What sets Tangible apart from other AI/robotics start-ups is its focus on solving for real-world dexterity and machine learning at scale. Tangible is investing heavily in teleoperation, control systems, and hardware-software co-design. But the bigger bet is on data.

"The biggest challenge that any robotic company needs to solve is, how can we collect trillions of hours of robot data that is relevant for the underlying policy?" Sen explains. "That is where we put a lot of thoughts and efforts on and are innovating in this space to improve & enhance data acquisition".
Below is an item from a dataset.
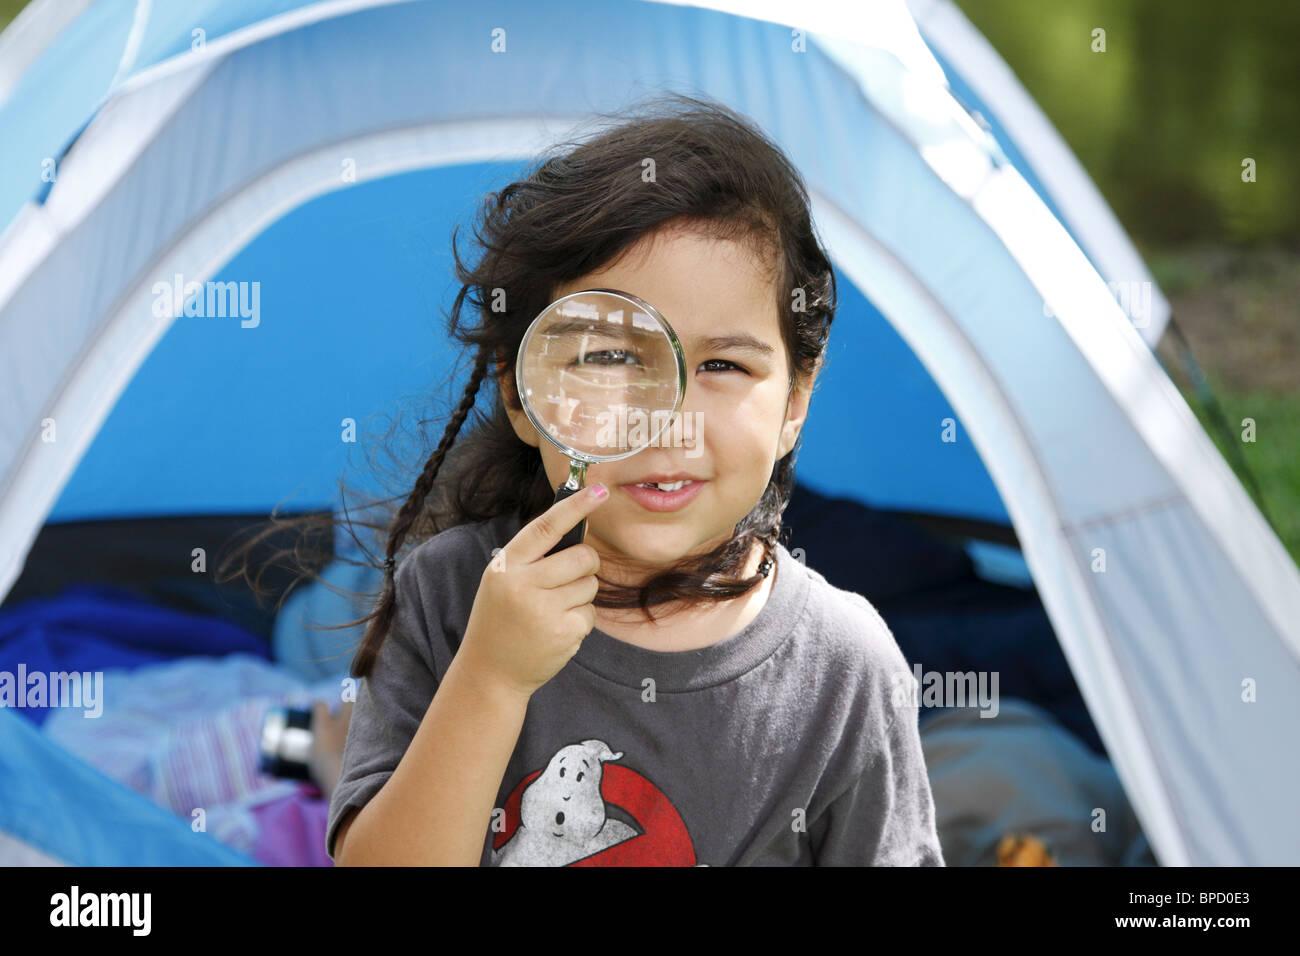 Girl looking at camera through magnifying glass - Stock Image

Tangible is building novel pipelines to acquire that data in ways that are cost-efficient, scalable, and deeply grounded in the practical realities of home use. While many robotics efforts focus on narrow tasks or single-purpose automation in industrial settings, Tangible is positioning itself as a platform company — one that can eventually support a broad spectrum of domestic applications. There's a philosophical underpinning to this as well. For Sen and her co-founders, the long-term goal isn't just about outsourcing domestic chores; it's about reshaping the relationship between humans and machines. For Sen and her motley crew of dreamers and innovators, commonplace robots represent physical extensions of the human world — machines that enhance human productivity instead of replacing humans.

It remains to be seen how much of this dream Sen will be able to realise. Still in early development, Tangible Robots is currently prototyping in stealth and hosting private demos for investors and partners. If successful, the company could usher in a new era of embodied AI: the kind that doesn't just live in the cloud, but in the kitchen, the hallway, and the living room.